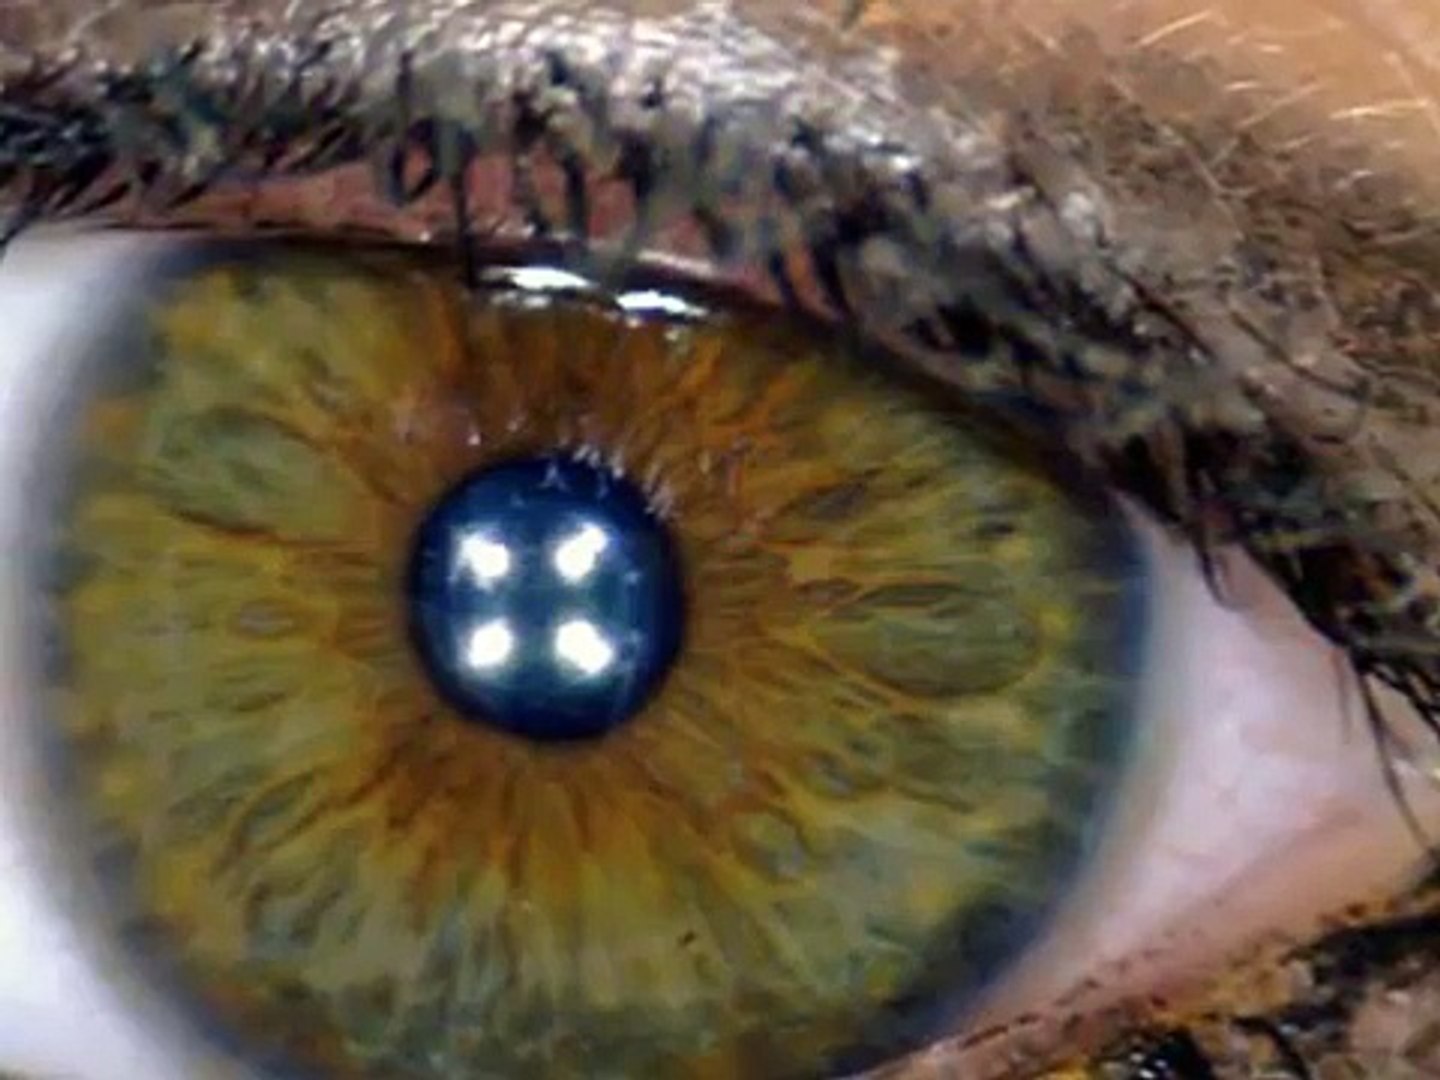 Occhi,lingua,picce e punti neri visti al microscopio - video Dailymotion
——
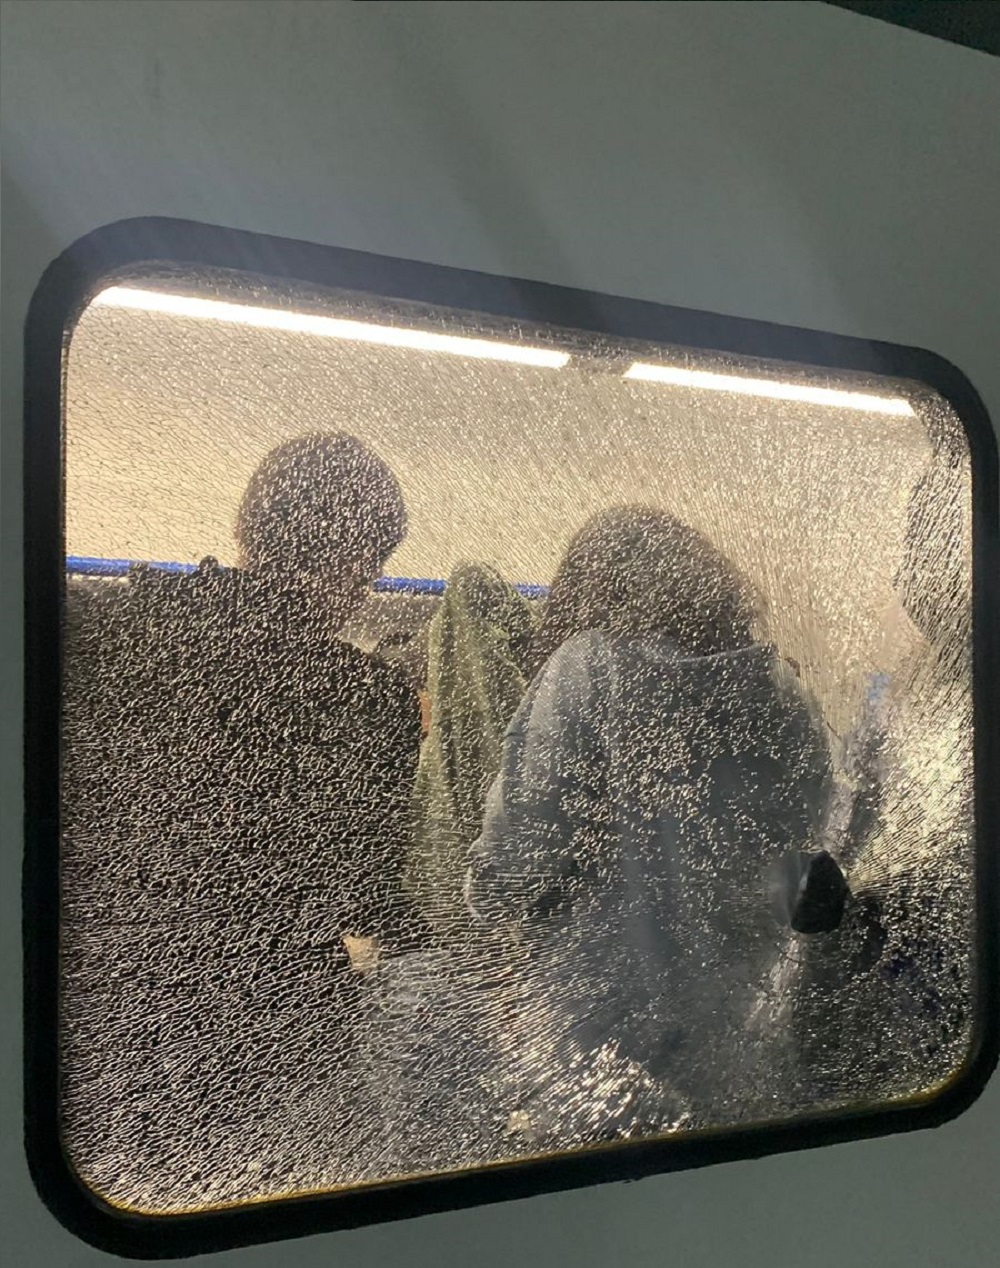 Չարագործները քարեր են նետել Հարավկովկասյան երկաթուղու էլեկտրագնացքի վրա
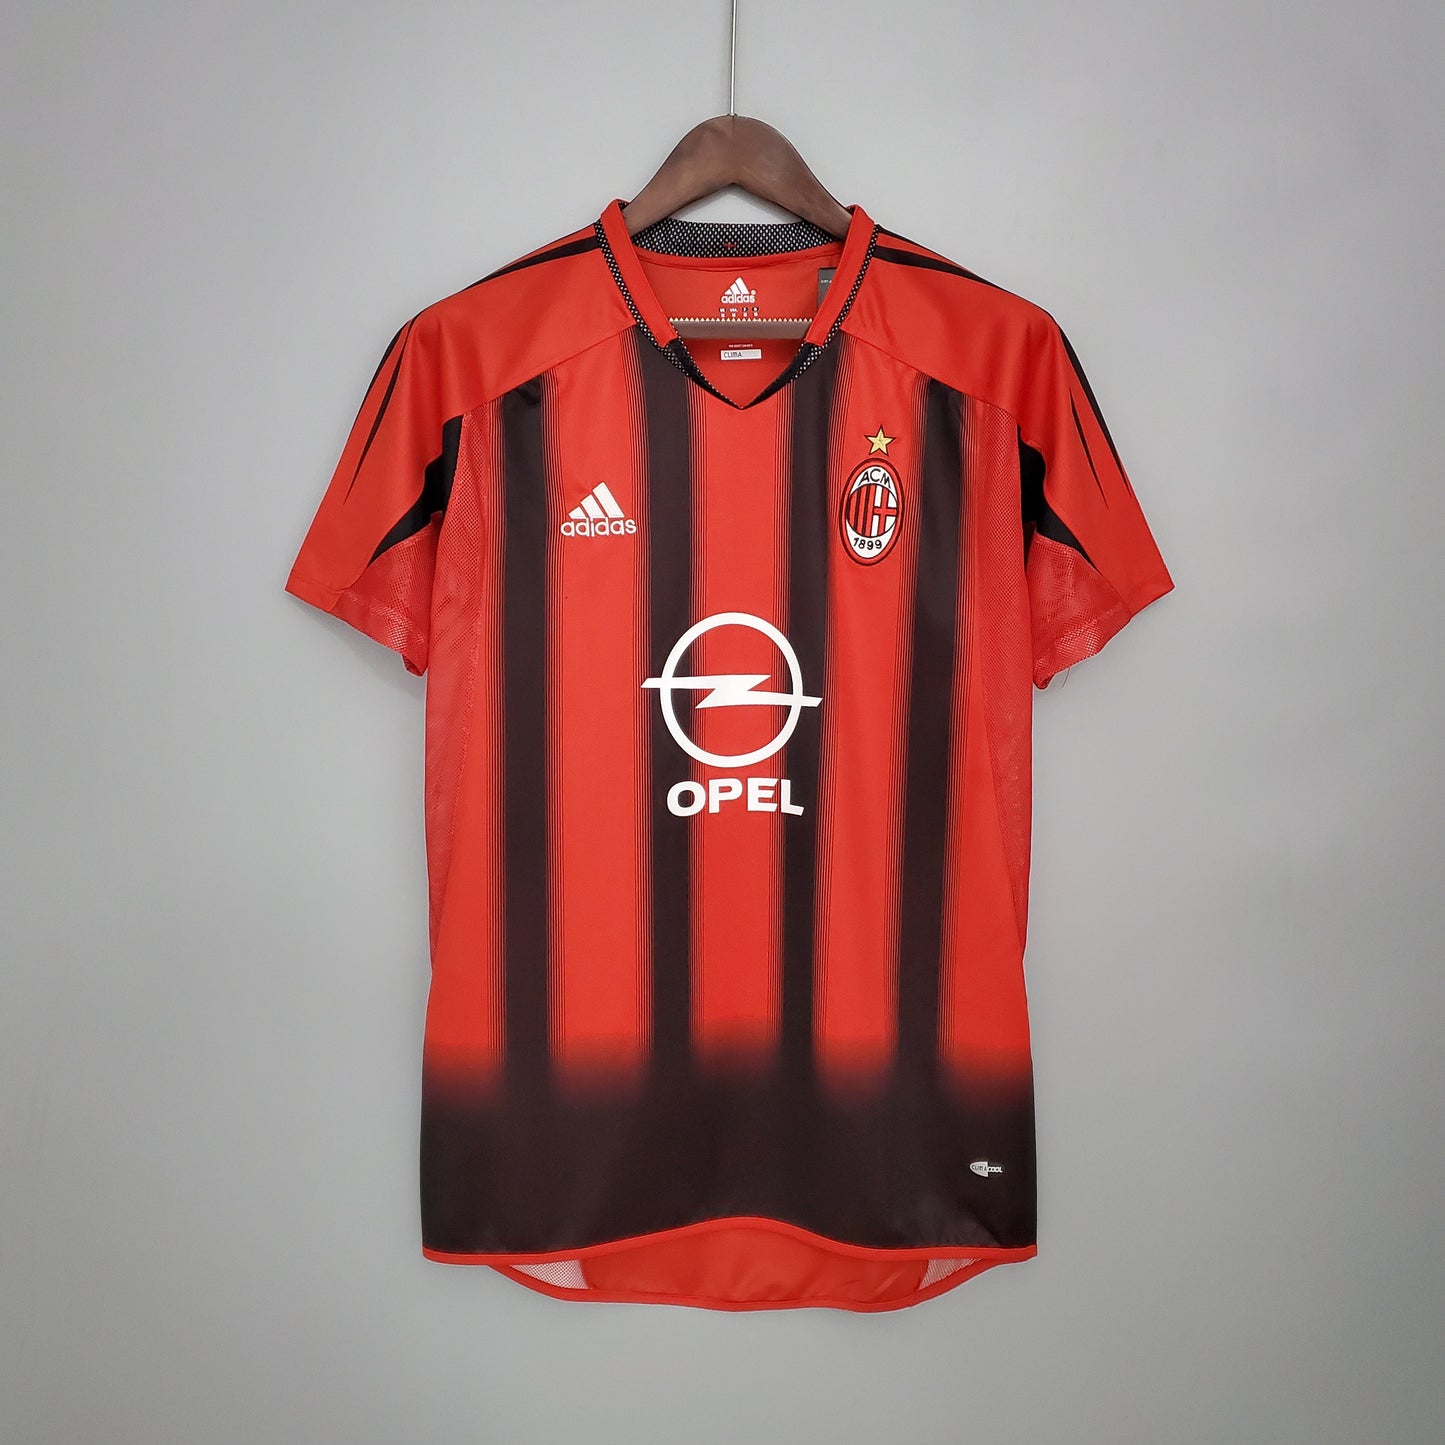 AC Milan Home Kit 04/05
——
◆ **Required action**: Given the entries above, transcribe exactly the lines from the one holding "Չարագործները քարեր են" through the one holding "AC Milan Home Kit 04/05"; pictures do not belong in the transcription.

◆ **Solution below**:
 Չարագործները քարեր են նետել Հարավկովկասյան երկաթուղու էլեկտրագնացքի վրա
 AC Milan Home Kit 04/05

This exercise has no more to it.